Faculty of Business and Law
School of Management / Small and Medium Enterprise Research Centre
Purpose – The purpose of this paper is to develop an understanding of factors that impinge on managerial decision-making processes regarding employee access to structured training and development (T&D) opportunities that are at least partially funded by the firm. Design/methodology/approach – Semi-structured interviews incorporating the Critical Incident Technique (CIT) were conducted with 14 managers of medium-sized enterprises based in Perth, Western Australia. The interviews explored decisions managers have actually made regarding employee access to T&D and yielded 42 useable critical incidents that served as the unit of analysis.
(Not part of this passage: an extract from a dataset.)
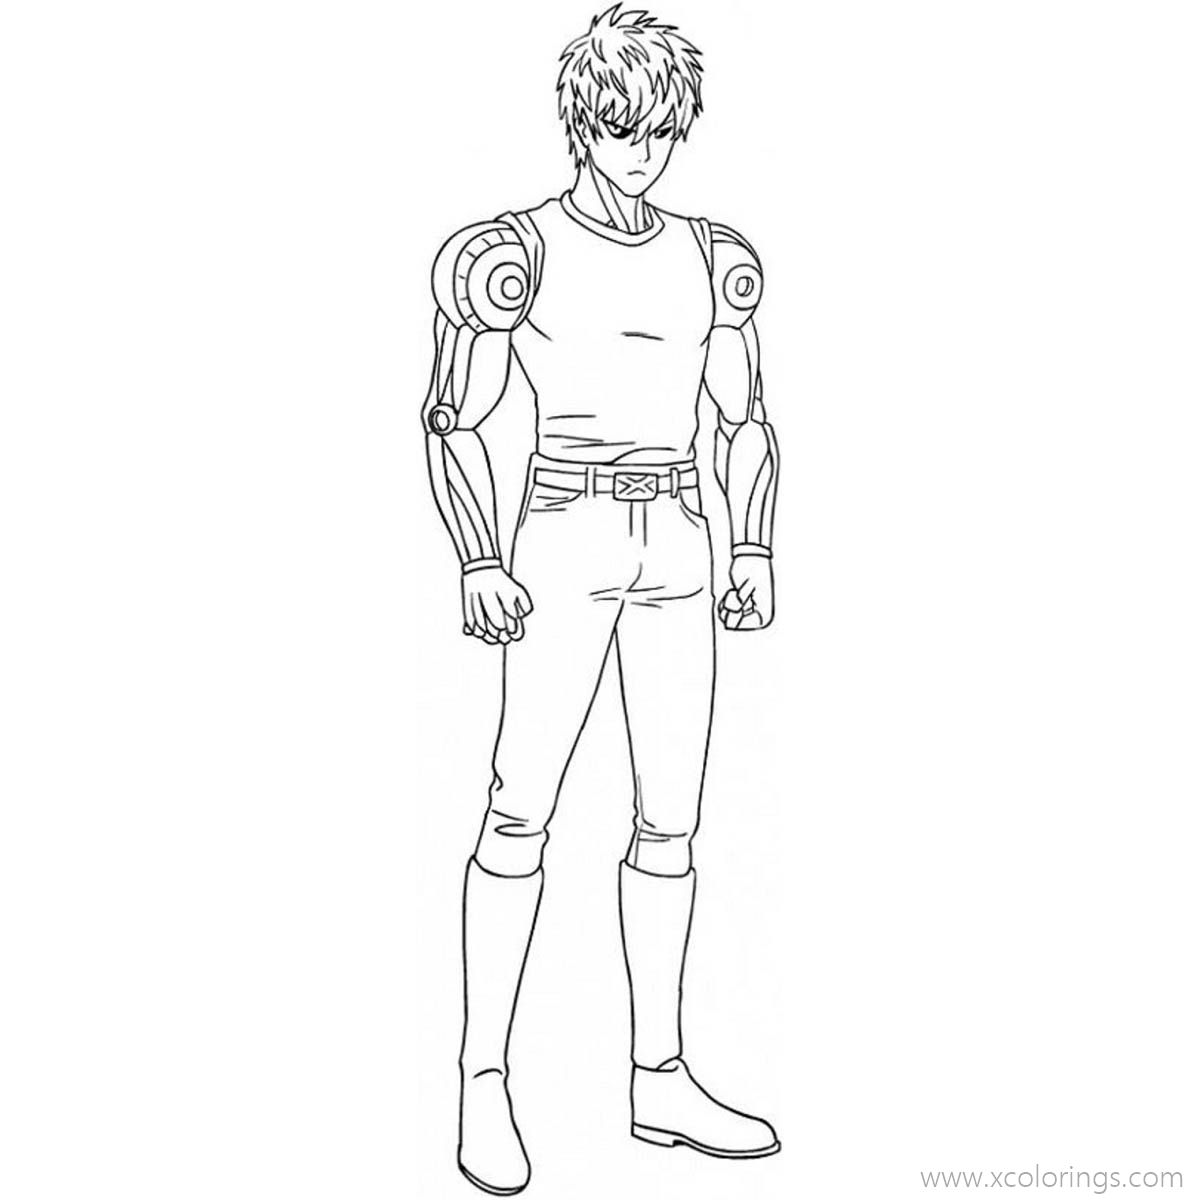 Free One Punch Man Coloring Pages Genos the Demon Cyborg printable
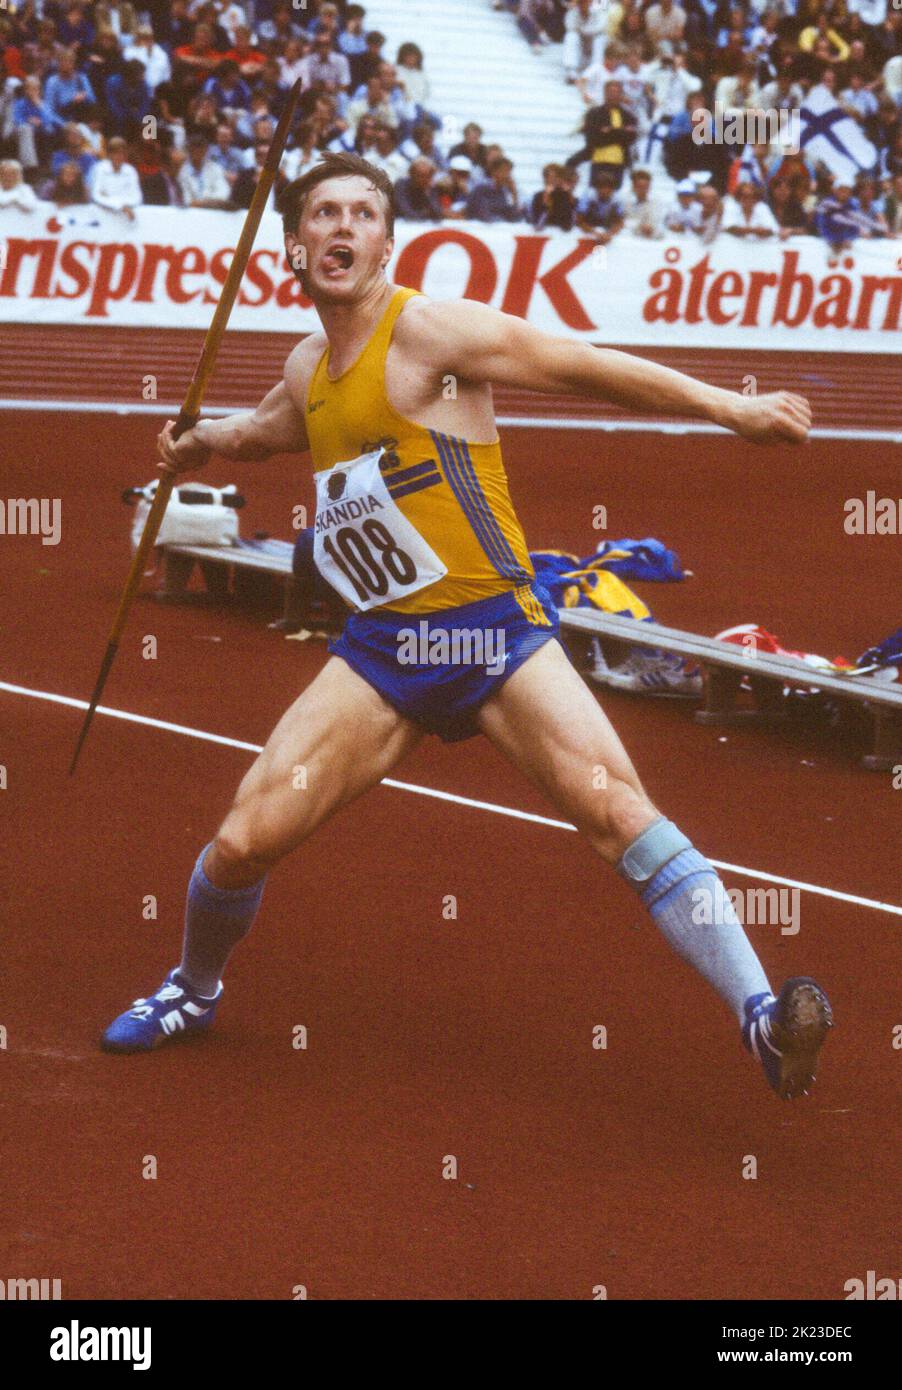 KENTH ELDEBRINK Swedish athlete in the mens javelin throw eventhe won a bronze medal in 1984 summer olympics in Los Angeles Stock Photo

Findings – There were three key findings: first, employee access to T&D was initiated primarily by managers; employees did not exhibit developmental proactivity. Regulatory requirements and performance deficits were the main factors triggering T&D. Second, decisions regarding employee access to T&D were influenced by a wider range of factors than the decision making factors that commonly feature in literature that discusses “barriers” to T&D in SMEs. Third, decision makers tended to neglect the evaluation phase of the decision making process and engaged in post-decisional justification. Research limitations/implications – The study holds a number of lessons that are based on an analysis of the authors' experiences of using the CIT. The lessons are potentially important for researchers who will be using the technique to study similar topics in the years ahead. Originality/value – This study addresses the lack of research into factors that affect managers' decisions when they consider providing employee access to firm-sponsored structured T&D opportunities. It also assesses the effectiveness of the CIT as a tool for studying managerial decision-making processes regarding employee access to T&D opportunities.